Desperdicio de agua y energía, incorrecta separación de residuos… son algunos de los ‘pecados ecológicos’ más comunes de los salones de belleza, así que para solventarlos una de las empresas líderes del sector ha puesto en marcha en España una escuela pionera que en 2011 prevé formar a 8.000 “ecopeluqueros”.

La “academia verde” tiene como objetivo que los alumnos que acudan a ella a aprender peluquería o a perfeccionarse en la profesión, se instruyan también “en cómo debe ser una peluquería sostenible y en qué medidas deben tomar en su trabajo cotidiano para no dañar el medio ambiente”, explica Rosa Ramos, una de las responsables de esta iniciativa.

Inversión del sector privado

Para lograrlo, la firma L’Oreal, impulsora del proyecto, ha construido en Madrid un enorme “ecosalón de belleza” que pretende servir de modelo a las más de 35.000 peluquerías que existen en España. La “peluquería del futuro”, como la define Ramos, está “íntegramente construida con materiales respetuosos con el medio ambiente”.

Así, los muebles y el pavimento han sido realizados con ecomat, un material fabricado con plástico reciclado y huesos de aceitunas; los tabiques son paneles hechos con fibra de celulosa obtenida de papel reciclado, la cerámica y la pintura son fotocatalíticas (mucho menos contaminantes), las bombillas de bajo consumo, la madera con la certificación de sostenibilidad FSC y los diferentes metales empleados son también reciclados.

Tecnología al servicio del planeta

Además, la academia se climatiza mediante la aplicación del denominado “frío solar”, una tecnología de placas solares que genera energía para proporcionar calefacción, refrigeración y agua caliente sanitaria.

Un circuito radiante, que recorre el techo del salón de belleza, es el encargado de distribuir frío o calor de forma uniforme y en silencio, evitando corrientes de aire y ruido de los ventiladores; y es el que aporta también el agua caliente.

Reutilización y conciencia

“Tenemos limitado a 6,4 litros por minuto el caudal de consumo de los 14 lavacabezas que tenemos, y todo el agua que usamos para lavar el pelo la recoge un sistema que la lleva a una especie de filtros que la limpian para volverla a utilizar en las cisternas de los inodoros”, señala Ramos.

El agua reciclada por los filtros posee un especial protagonismo en el salón, cuyo suelo transparente permite ver como pasa limpia a los baños para su reutilización.
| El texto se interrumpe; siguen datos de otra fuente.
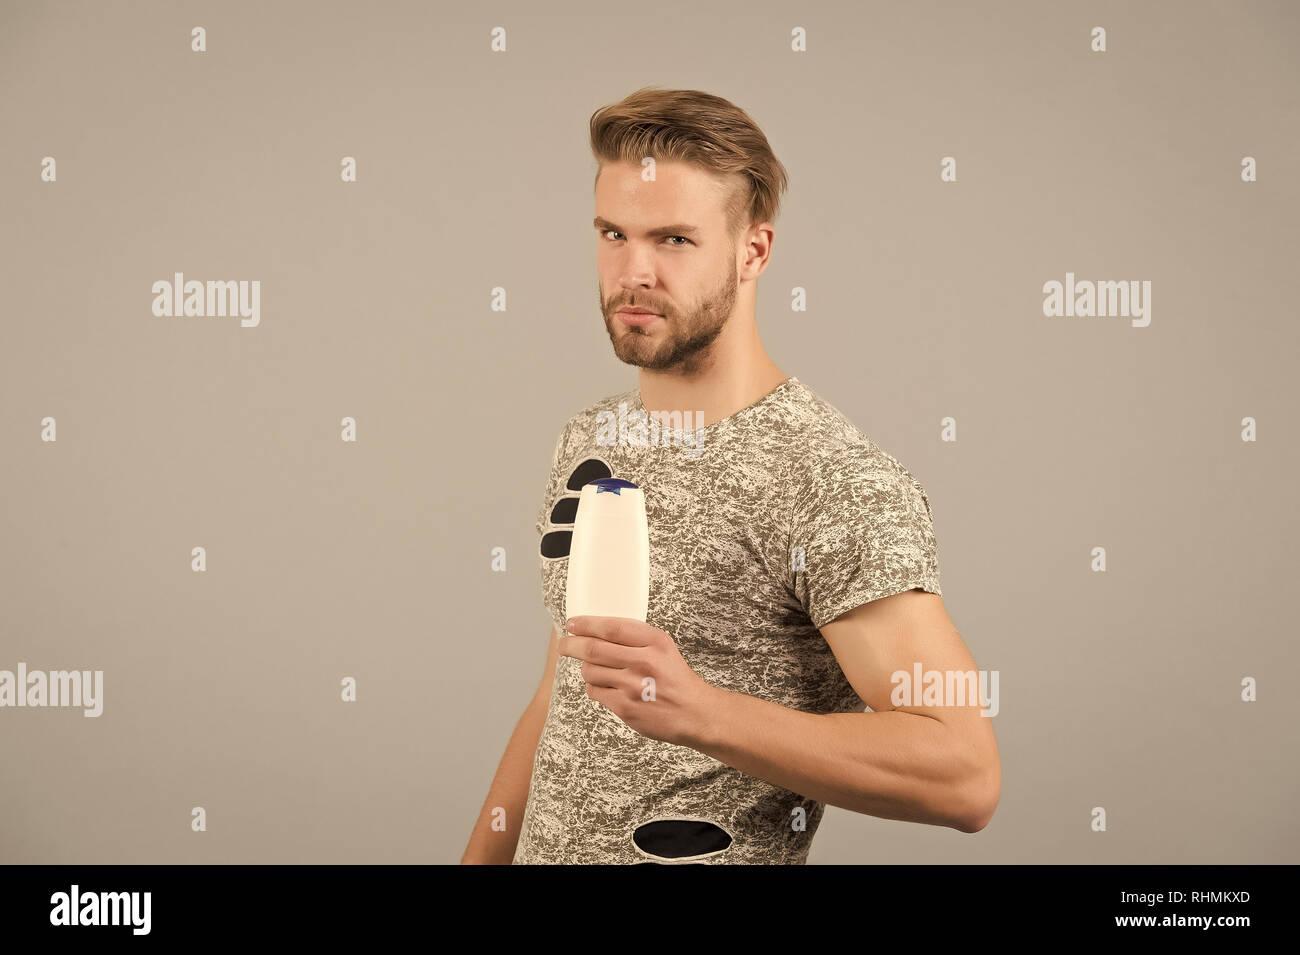 Uomo con shampoo o gel flacone in mano. Macho con i capelli alla moda b0f1b9d9aee4

El objetivo es que los alumnos “no tengan más remedio que contemplar esta lámina de agua reciclada y tomar conciencia de la importancia de hacer un consumo responsable de este recurso”.

No obstante, una de las acciones de gestión ambiental más llamativas de la peluquería es su sistema de reciclaje, articulado a través de unos contenedores integrados en el mobiliario como si de cajones del lavacabezas se tratara, “con orificios perfectamente señalizados que sirven a los aprendices para clasificar todos materiales que desechan”.

Al final del día “recogemos todos esos desechos que han sido separados y los depositamos en los diferentes contenedores del muro del reciclaje -una pared de la peluquería en cuyo interior se esconden los contenedores multicolores-“. Cristina Jiménez, una de las alumnas que ha estrenado el “ecosalón” asegura que en él está “aprendiendo prácticas” que nunca va a “olvidar”, como “a separar y reciclar todo, o a no dejar los planchas siempre encendidas”.